One of the scariest outcomes for patients is to be told that they have cancer. Dr. Helen Webberley talks through cancer screening and diagnosis.
One of the scariest outcomes for my patients is to be told that they have cancer. The big C just seems to be the worst thing. I see a lot of chronic illness and the difficulties that my patients bravely struggle through, yet still it is ‘cancer’ that seems to frighten us the most.
Maybe it is the uncertainty; we all have plans for our future, both for ourselves and our families, and we have all seen the devastation that a sudden illness can have on our dreams for our remaining time ahead. What lies just around the corner? Who knows? Who can tell?
It still surprises me when my patients eventually summon up the courage to tell me their symptoms - "You’ve had that lump for five months and you haven’t told me?" "You’ve been passing blood for six months and you haven’t told me?" "You’ve been coughing for four months and haven’t had it checked out?"
And then of course there is the young chap with a cough for two weeks who is so relieved when I reassure him that cancer is extremely unlikely.
So some want to know straight away and some are too scared to face the possibility. As doctors we know that the earlier we find cancer, the better chance there is of good treatment and a potential cure. Often the best outcome by far is for us to find cancers even before they have caused the lump or the blood or the cough. With mammograms, we are looking for tiny calcified spots on an x-ray that wouldn’t be palpable as a lump. With smear tests we are looking for very early cell changes that indicate cancer might develop in the future. With the FOB blood in the stool test, we are looking for tiny amounts of blood in the stool which may not be evident in the toilet pan.
There are many tests for early cancer currently available, and more are being developed all the time.
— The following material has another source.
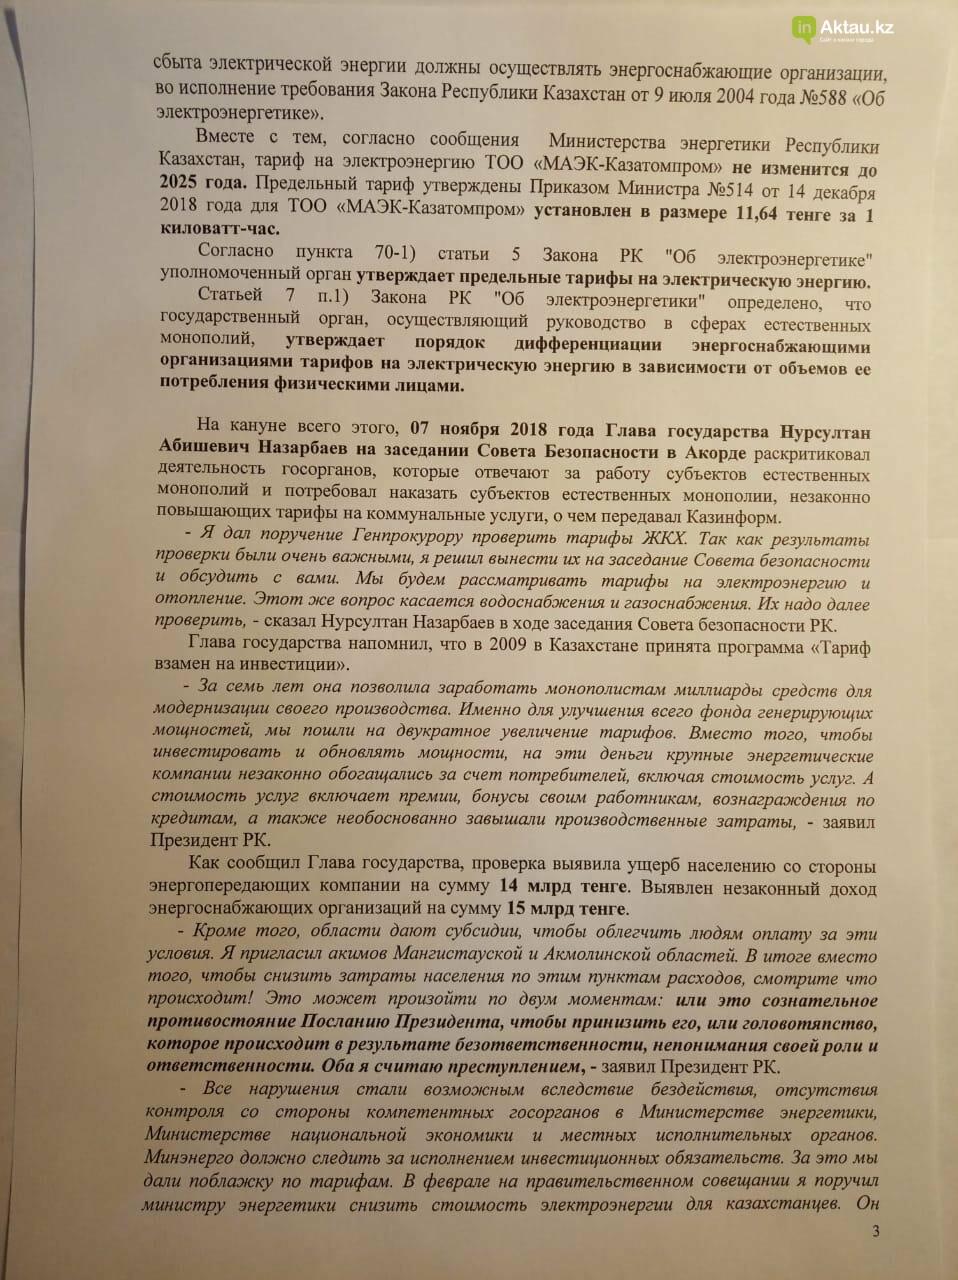 Открытое письмо Президенту написали актаусцы  по поводу новых тарифов на электроэнергию, фото-3
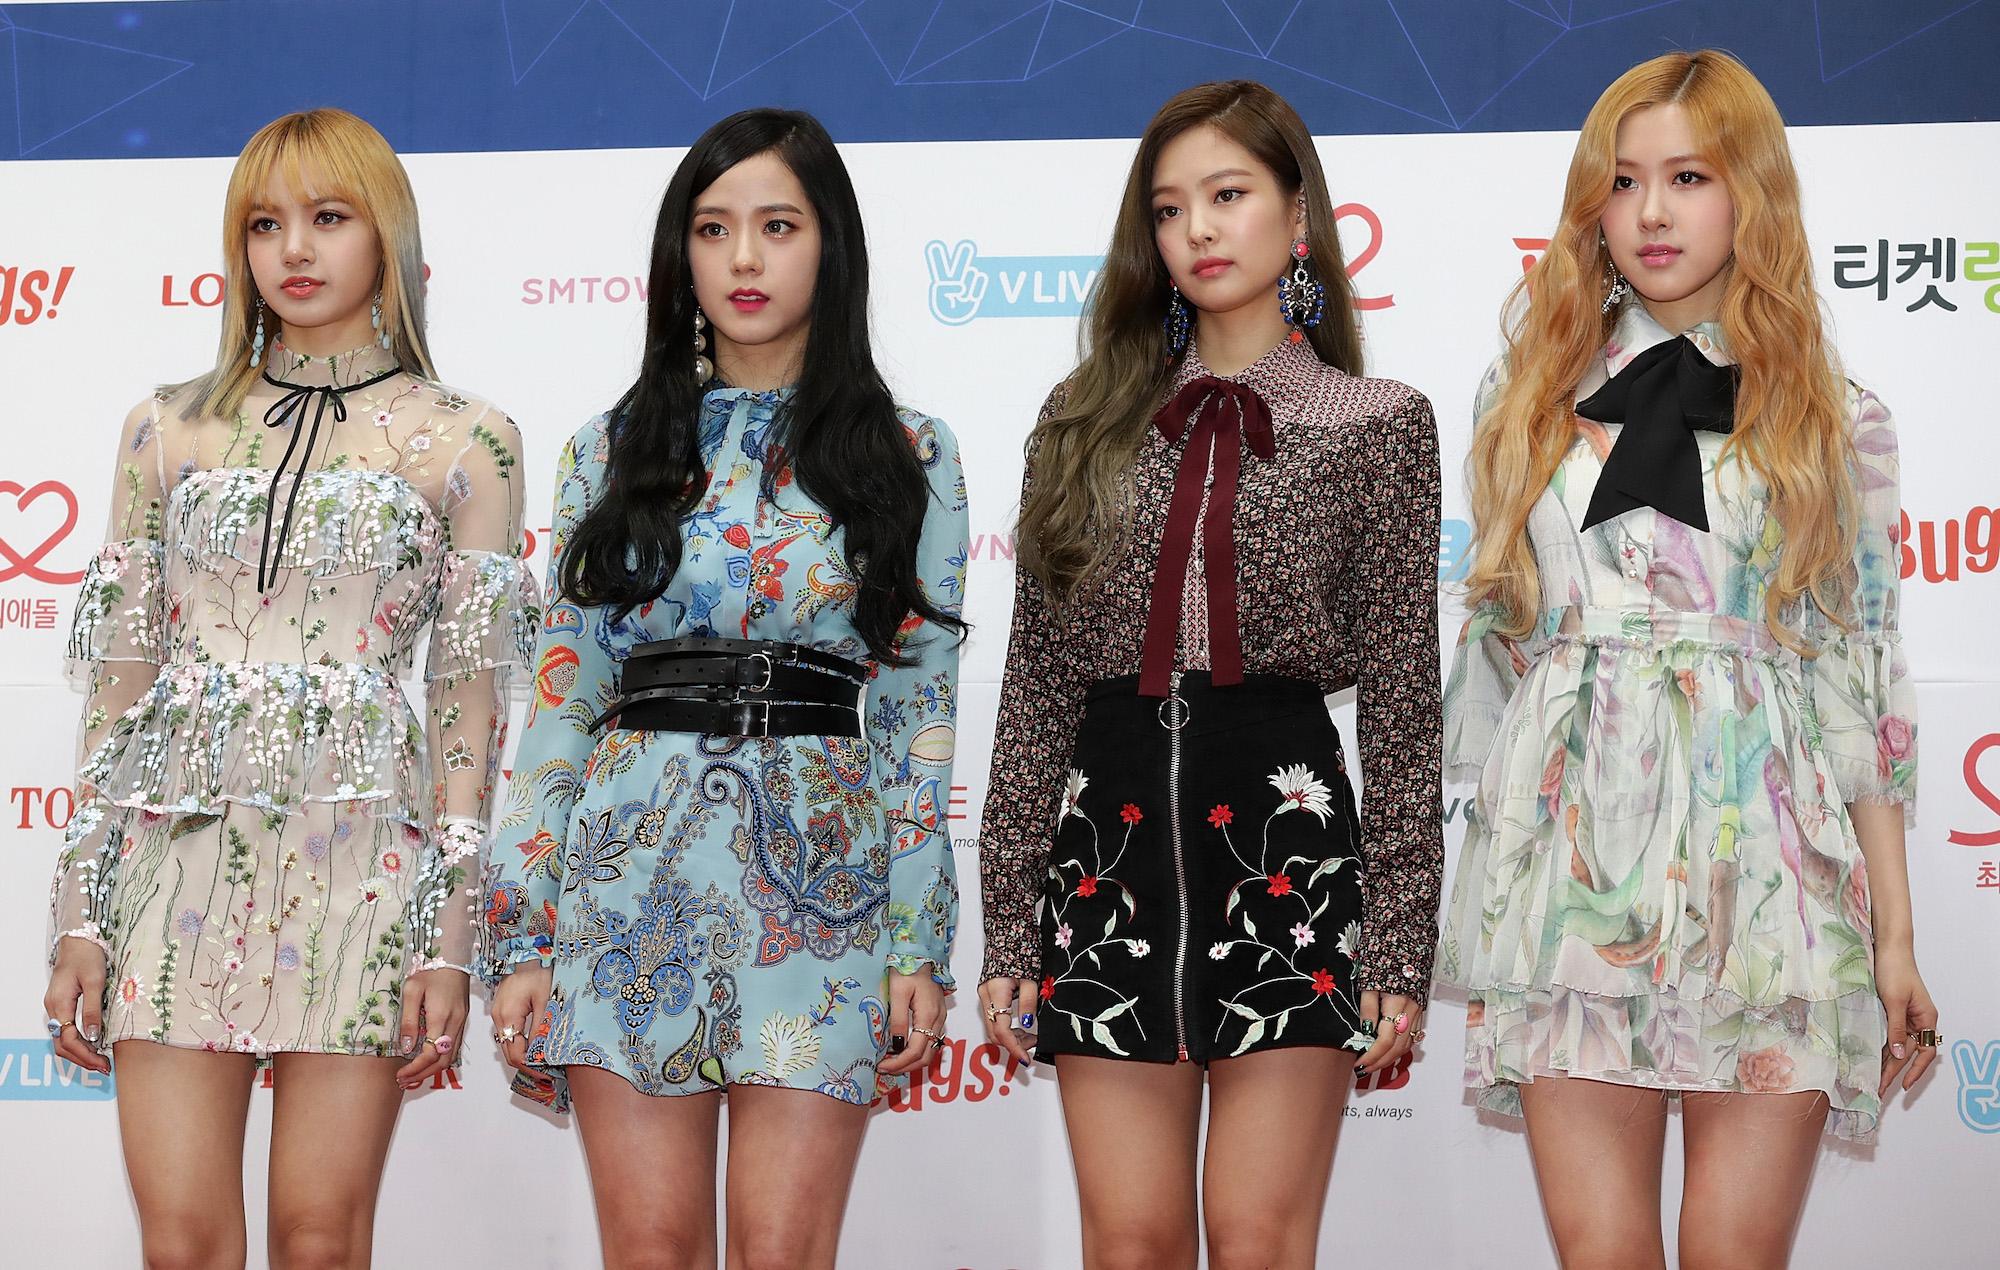 SM亏损严重,YG业绩下滑,韩国娱乐公司的企业地位被下调

Due to health economics, not all of these tests are routinely available on the NHS as screening tests for all of us. This may be because the tests haven’t been fully evaluated, or that they are not completely accurate and may cause more worry than reassurance. Sometimes it is because the NHS can’t afford to follow up on all early positive results. The NHS budget is not unlimited, even though we sometimes wish it was.
Medichecks offer a wide range of cancer tests. Some are blood tests which might indicate the presence of early cancer. Some are stool tests which look for bowel cancer. Some are genetic tests which can look for genes which make us more likely to develop cancer in the future.
No test is absolutely guaranteed to say whether you definitely have cancer or will get cancer, and no test can promise that you don’t have cancer and never will. But they can give us reassurance and they can help pick up cancers that we might not know were there and before they grow too big to manage.
For example, there is a blood test that we use for prostate cancer (PSA). A normal result does not mean that there is definitely no prostate cancer there, but it is very reassuring. A high level does not say for certain that there is cancer there, but it does tell us to get that prostate gland checked out with scans and maybe a biopsy.
Similarly, with the genetic screening tests - carrying the breast cancer gene does not definitely mean you will get breast cancer, but it does greatly increase the chances, and it might be worth discussing the options available to you. Similarly, not having the gene does not mean you won’t ever get breast cancer.
Some people like an annual cancer check up to set their mind at rest or reassure themselves that any cancers may be detected early. Other people may have had cancer in the past and want a more regular check on the blood test for their cancer than the NHS budget allows.
Cancer is all too common, but early detection and diagnosis can improve treatment and outcome.